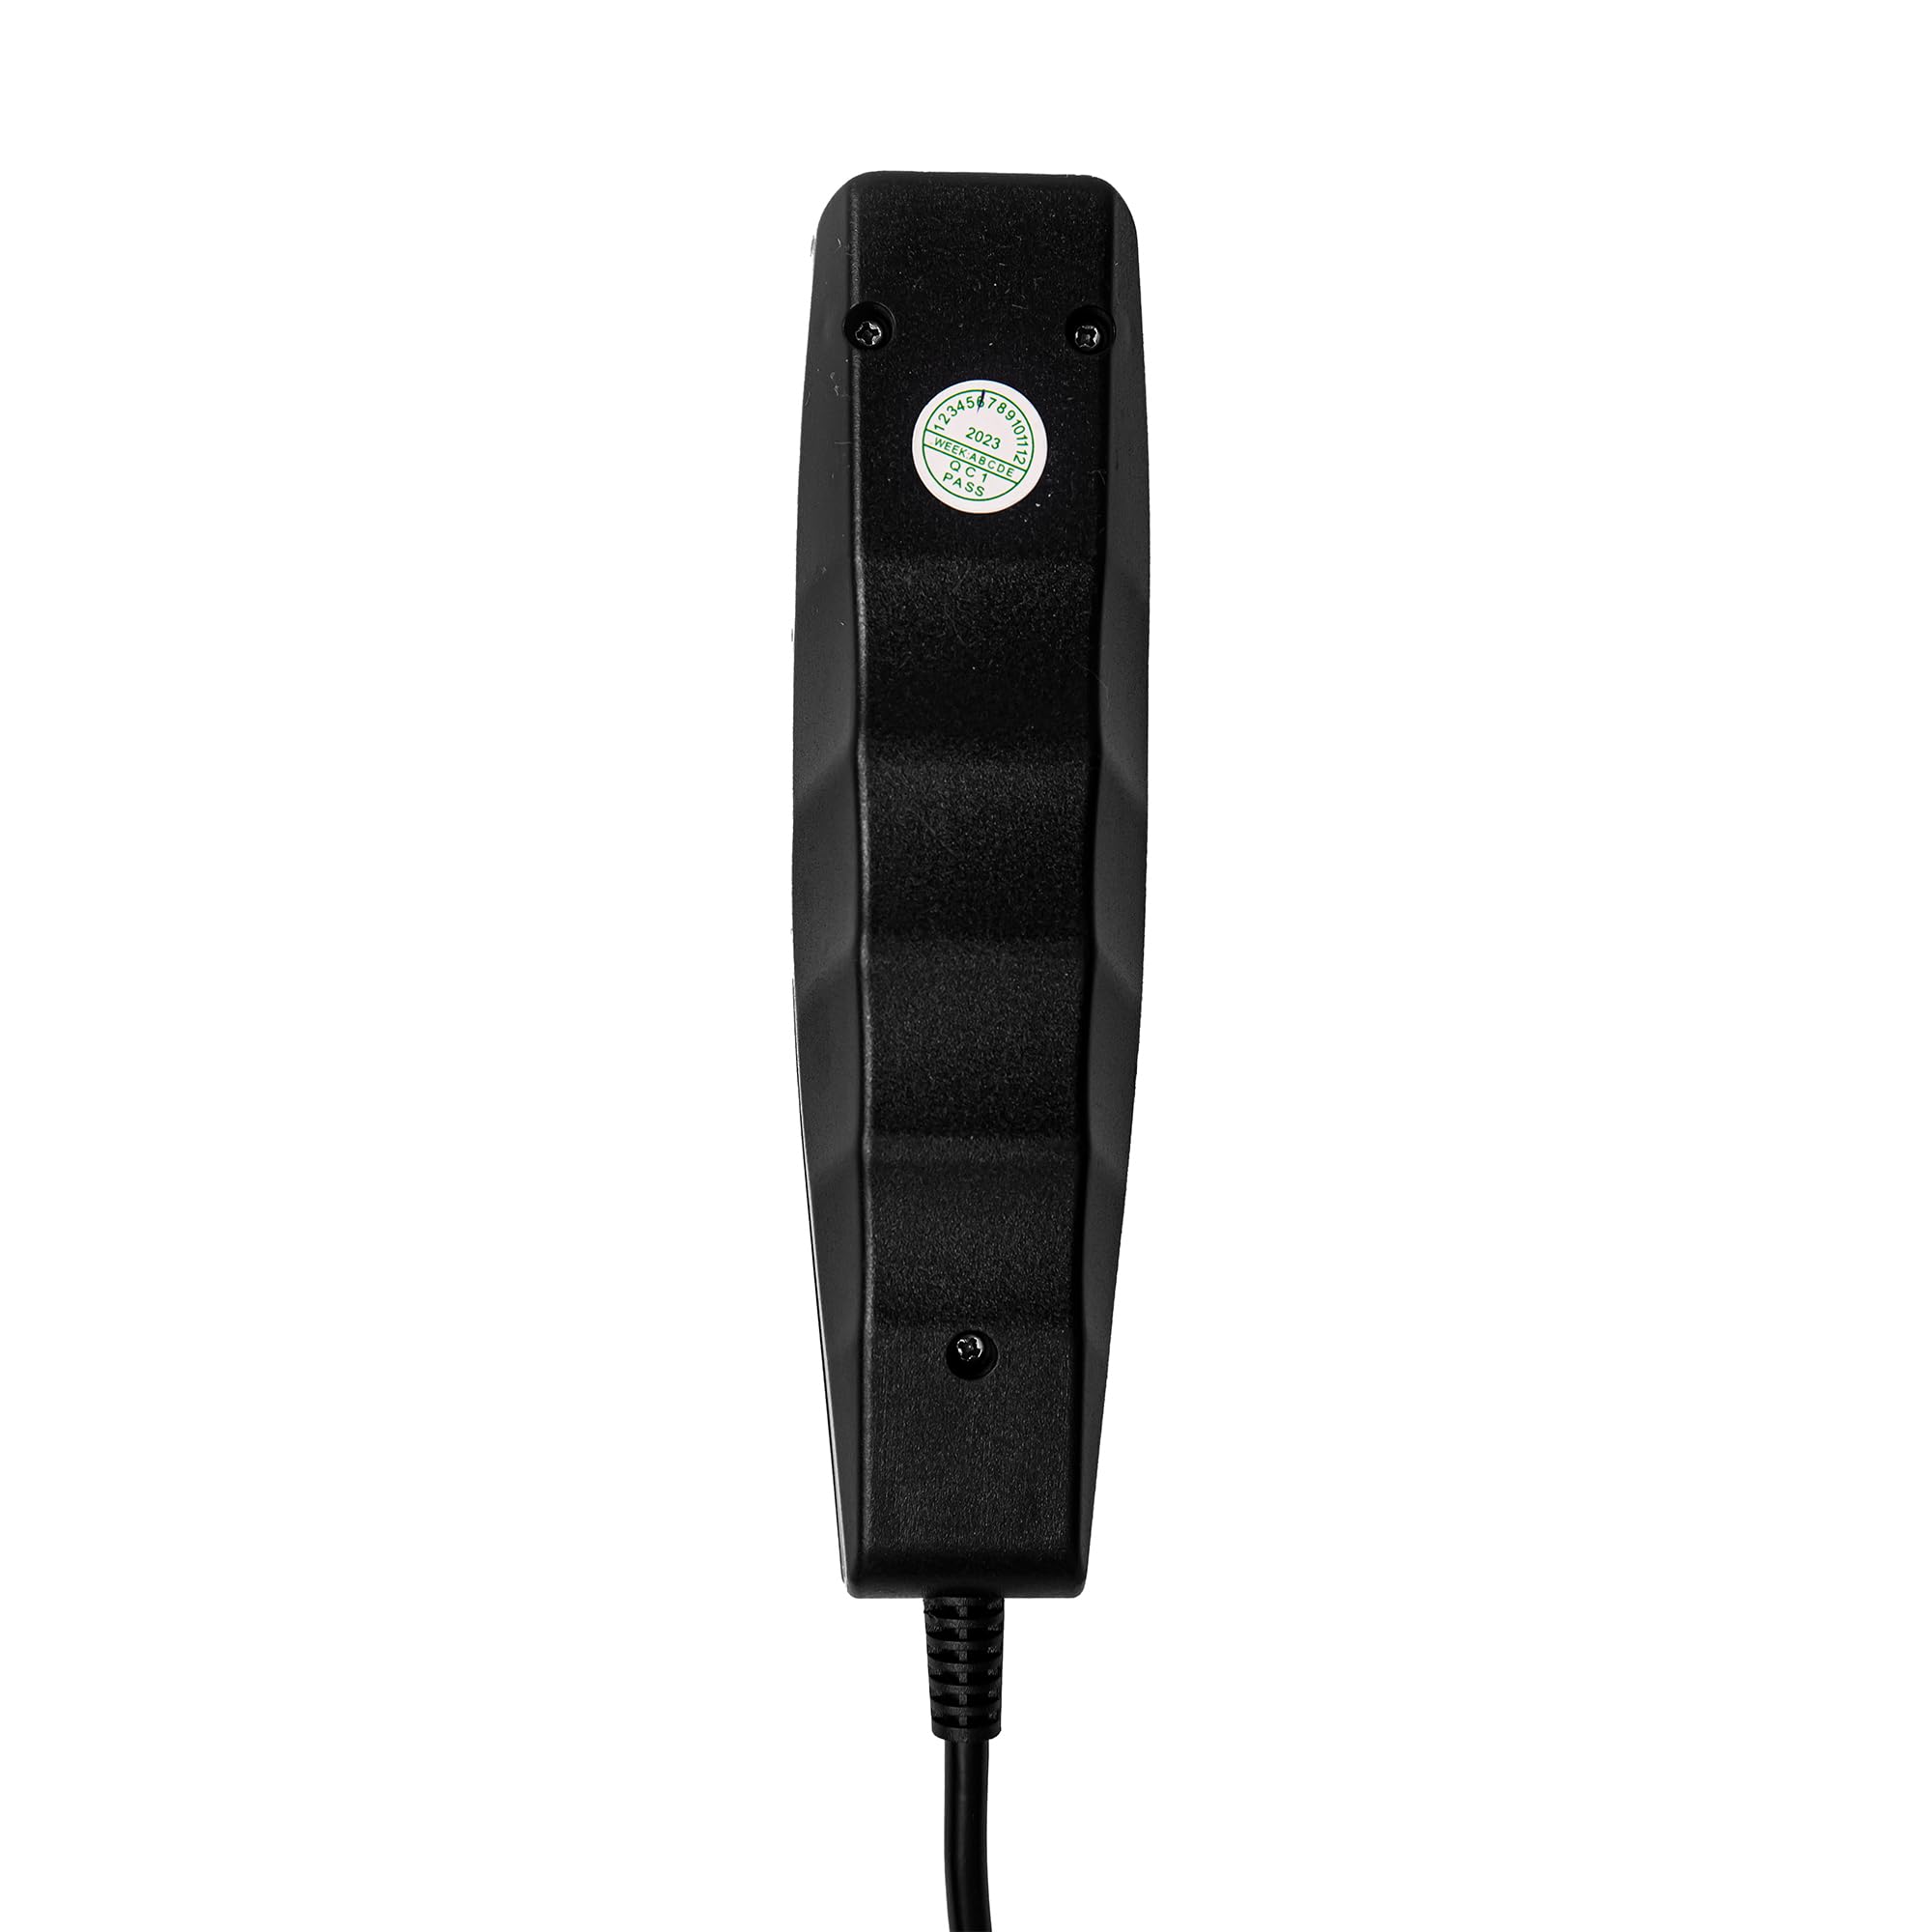 Fruhdi Lift Chairs Power Recliners 2 Button 5 Pin Remote Handset Controller Hand Control with USB and Backlight
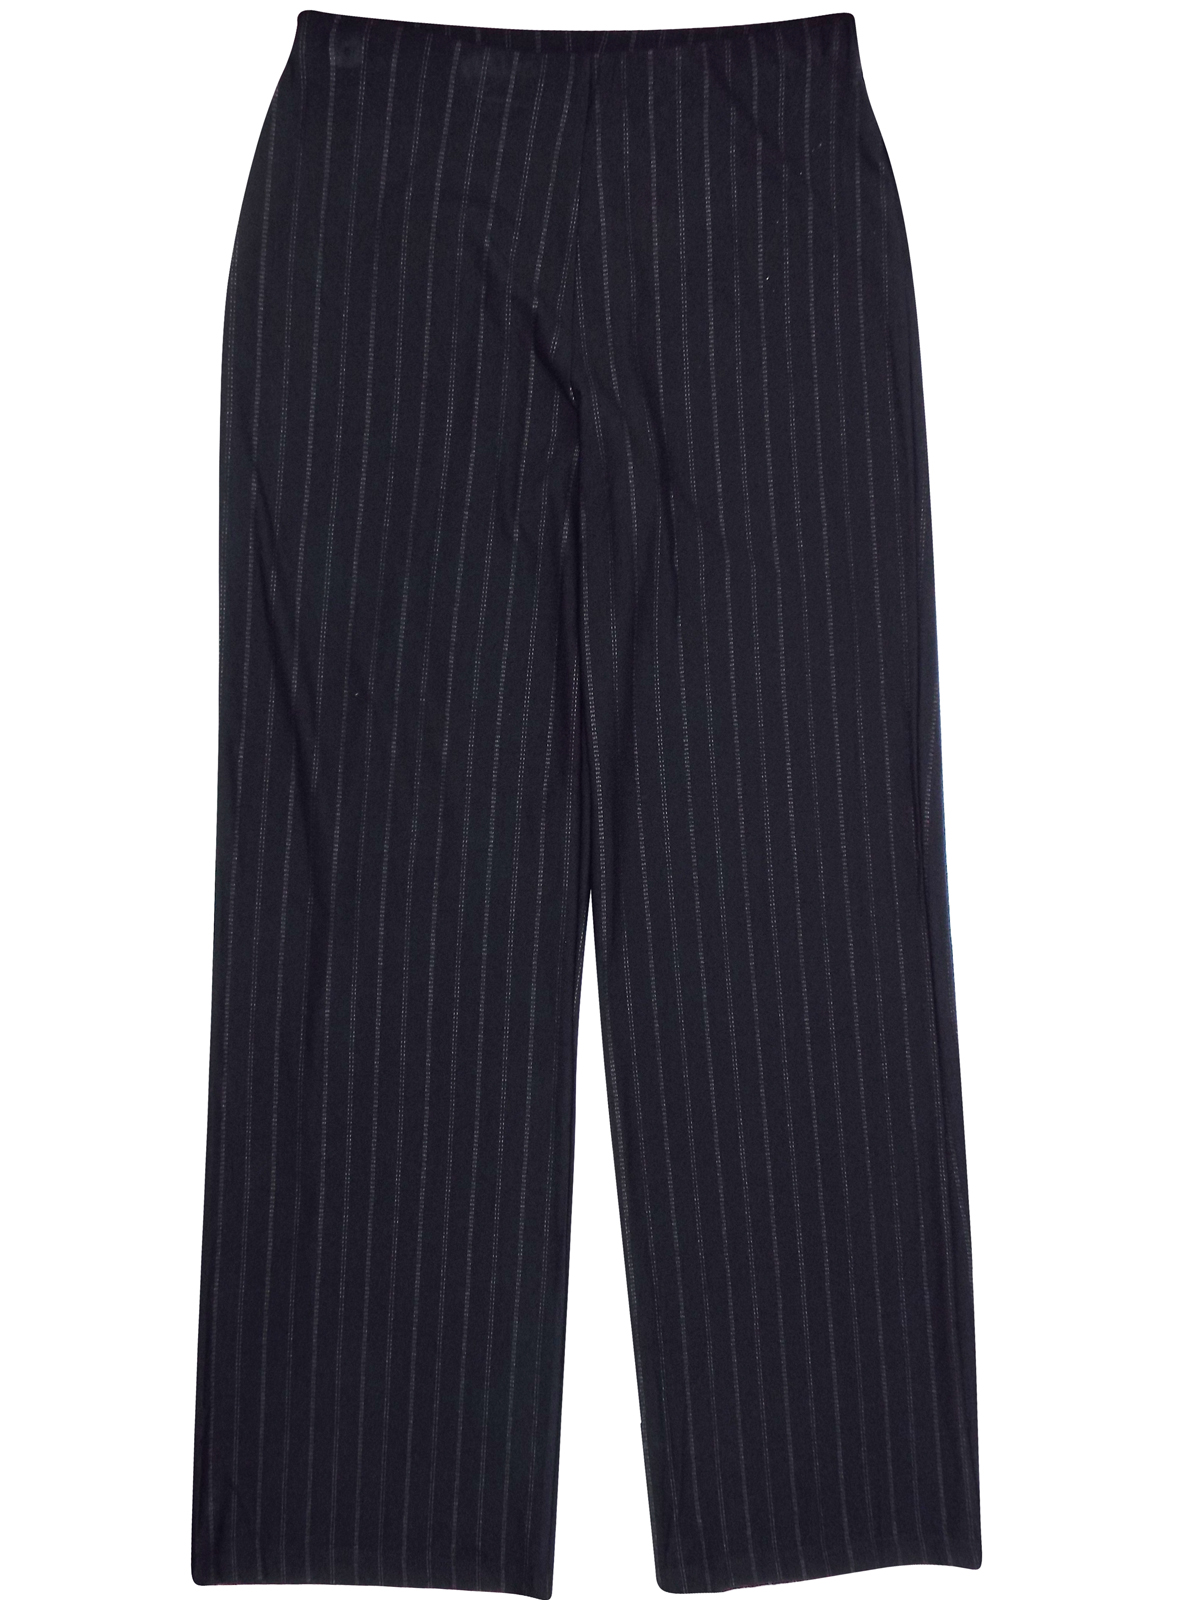 Marks and Spencer - - M&5 BLACK Pinstripe Wide Leg Trousers - Size 12 to 18
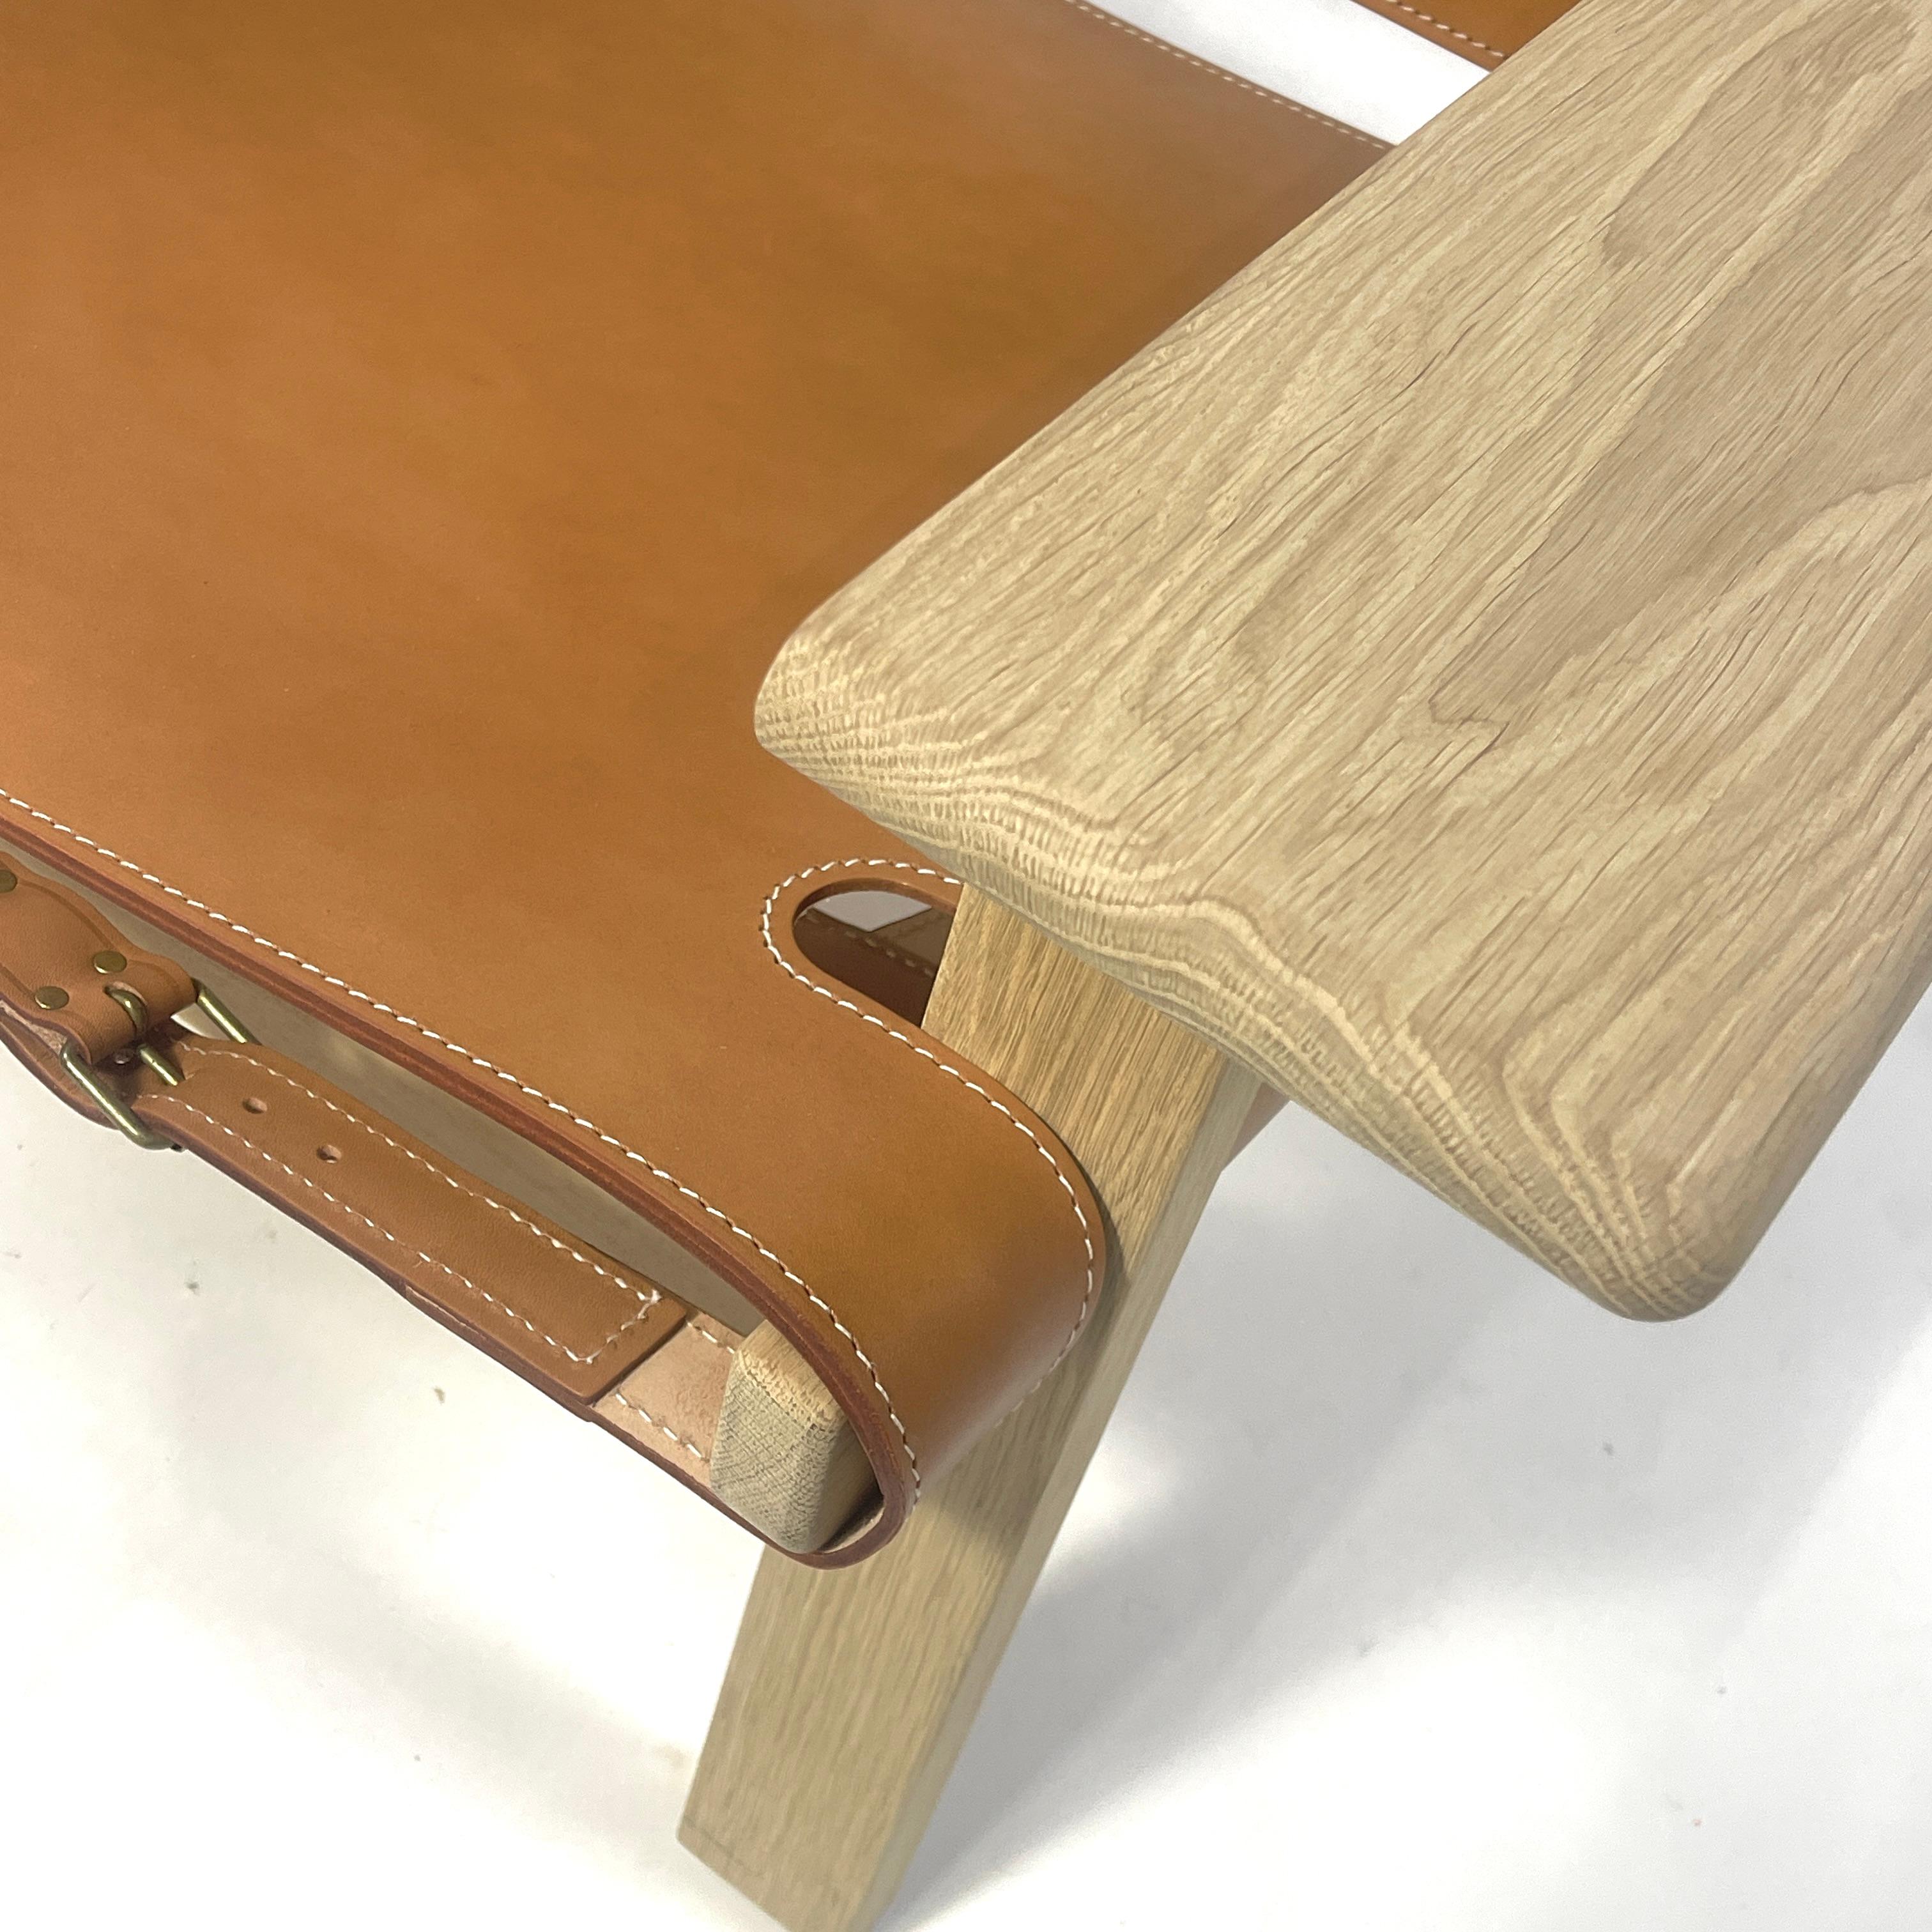 Oiled Excellent Børge Mogensen Oak & Saddle Leather 1958 Spanish Chair for Frederica  For Sale
****************
### Your assignment
Line for line, retype the material exactly, omitting any pictures.

### Final answer
 Fruhdi Lift Chairs Power Recliners 2 Button 5 Pin Remote Handset Controller Hand Control with USB and Backlight
 Marks and Spencer - - M&5 BLACK Pinstripe Wide Leg Trousers - Size 12 to 18
 Oiled Excellent Børge Mogensen Oak & Saddle Leather 1958 Spanish Chair for Frederica  For Sale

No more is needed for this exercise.